In his tragically brief life, cut short by a bicycling accident , Ernest Chausson wrote only one
opera - but what an opera ! Le Roi Arthus is a retelling of the legend of King Arthur , a great
monarch in Celtic Britain who fought valiantly against the invading Saxons who eventually
turned England into the nation it is today .
The preniere of the opera took place posthumoulsy in Brussels in 1903, four years after the
composer's untimely demise .
Chausson was an ardent Wgnerite , and the music and the plot are very Tristanesque, 
although the composer's own distinctive voive is always apparent . The influence of Tristan
& Isolde pervades the entire opera . There are moments where you would swear you were hearing
Wagner's outtakes from Tristan , to use a cinematic analogy .
If you love, Tristan , you must hear Le Roi Arthus . I've been listening to the excellent Erato recording
conducted by the late Armin Jordan with Gino Quilico as King Arthur , Teresa Zylis -Gara(pronounced zhylis-
Gara as Guinevere , the late Swedish tenor Gosta Winbergh as Lancelot , and Gilles Cachemailles
as Merlin the sorceror . I had gotten to know thew opera some years ago from my local library
on Long Island where I used to live , and recently borrowed another copy from where I now live
in Westchester county , near Long Island and NYC .
I haven't heard the other and more recent recording conducted by Leon Botstein, but very much want to .


----------



## Aramis (Mar 1, 2009)

> Chausson was an ardent Wgnerite , and the music and the plot are very Tristanesque


Too much for me. It seems like he would want to write another Tristan rather than a unique work of his own. I didn't buy it.


----------



## superhorn (Mar 23, 2010)

I don't think Le Roi Arthus is in any way a "cheao imitation" of Wagner . The music still shows
Chausson's own doistinctive voice .


----------



## kangxi (Jan 24, 2014)

Well, I've added it to my 'look out for' list rather the 'buy now list'. You never know what you might stumble across in Gramex...


----------



## waldvogel (Jul 10, 2011)

I heard this opera on the radio many years ago, and it has haunted me ever since. Has any company put it on recently -say, sometime this century? Is there a DVD on some obscure label out there?

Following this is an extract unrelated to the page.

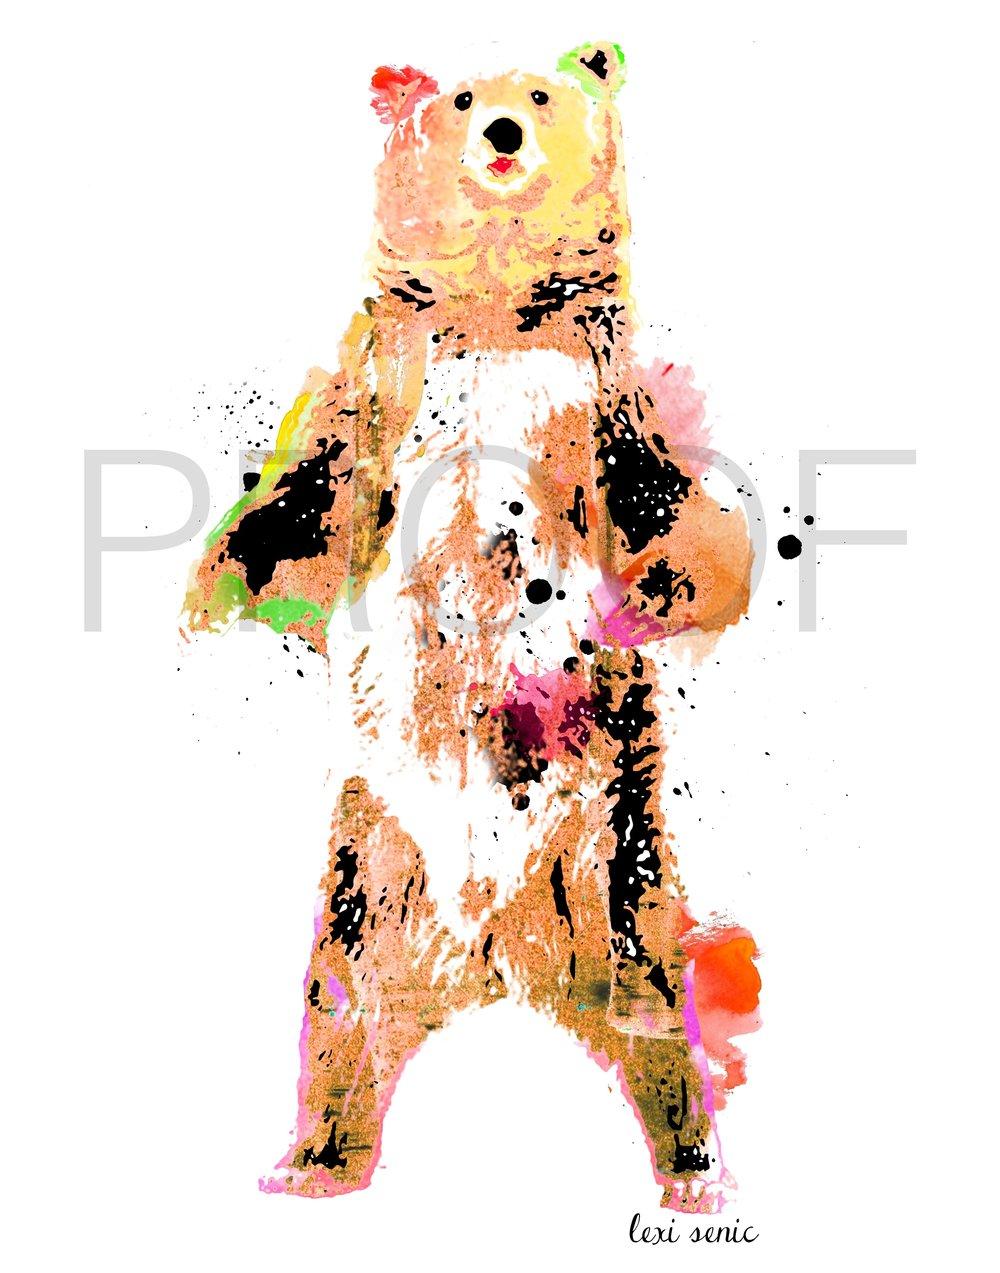 standing-bear-alone-proof.jpg
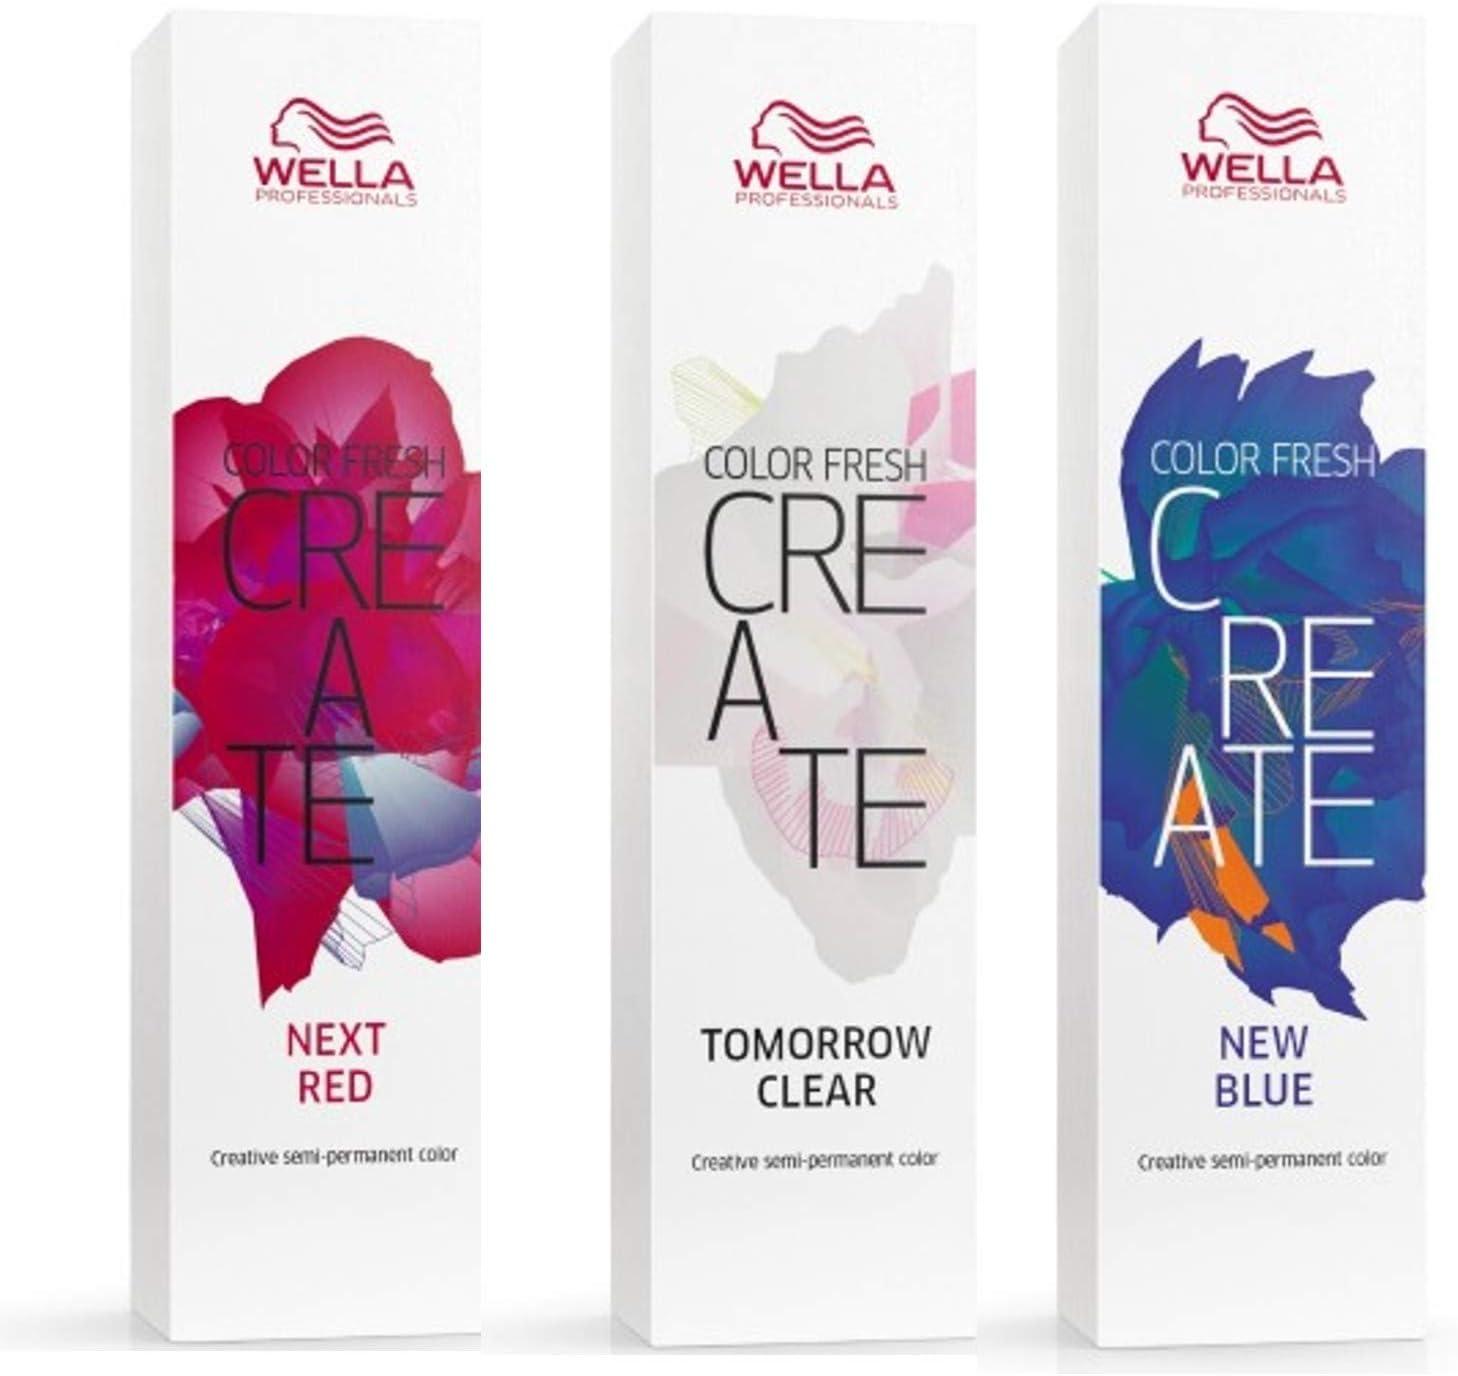 Wella Color Fresh Create 9819/6, 60 ml

I would love to SEE it, but if needs be, I'll have to find that CD.


----------



## schigolch (Jun 26, 2011)

You have the opportunity to watch in the theater the coming month of March, at Strasbourg: 

http://www.operanationaldurhin.eu/opera-2013-2014--le-roi-arthus.html


----------



## waldvogel (Jul 10, 2011)

Only 5000 km from home, and a month after I return from another destination... I only hope someone makes a DVD...


----------



## schigolch (Jun 26, 2011)

Nobody's perfect.


----------



## OperaMaven (May 5, 2014)

IMHO he screwed around with the story too much. A very "Regie" ending.


----------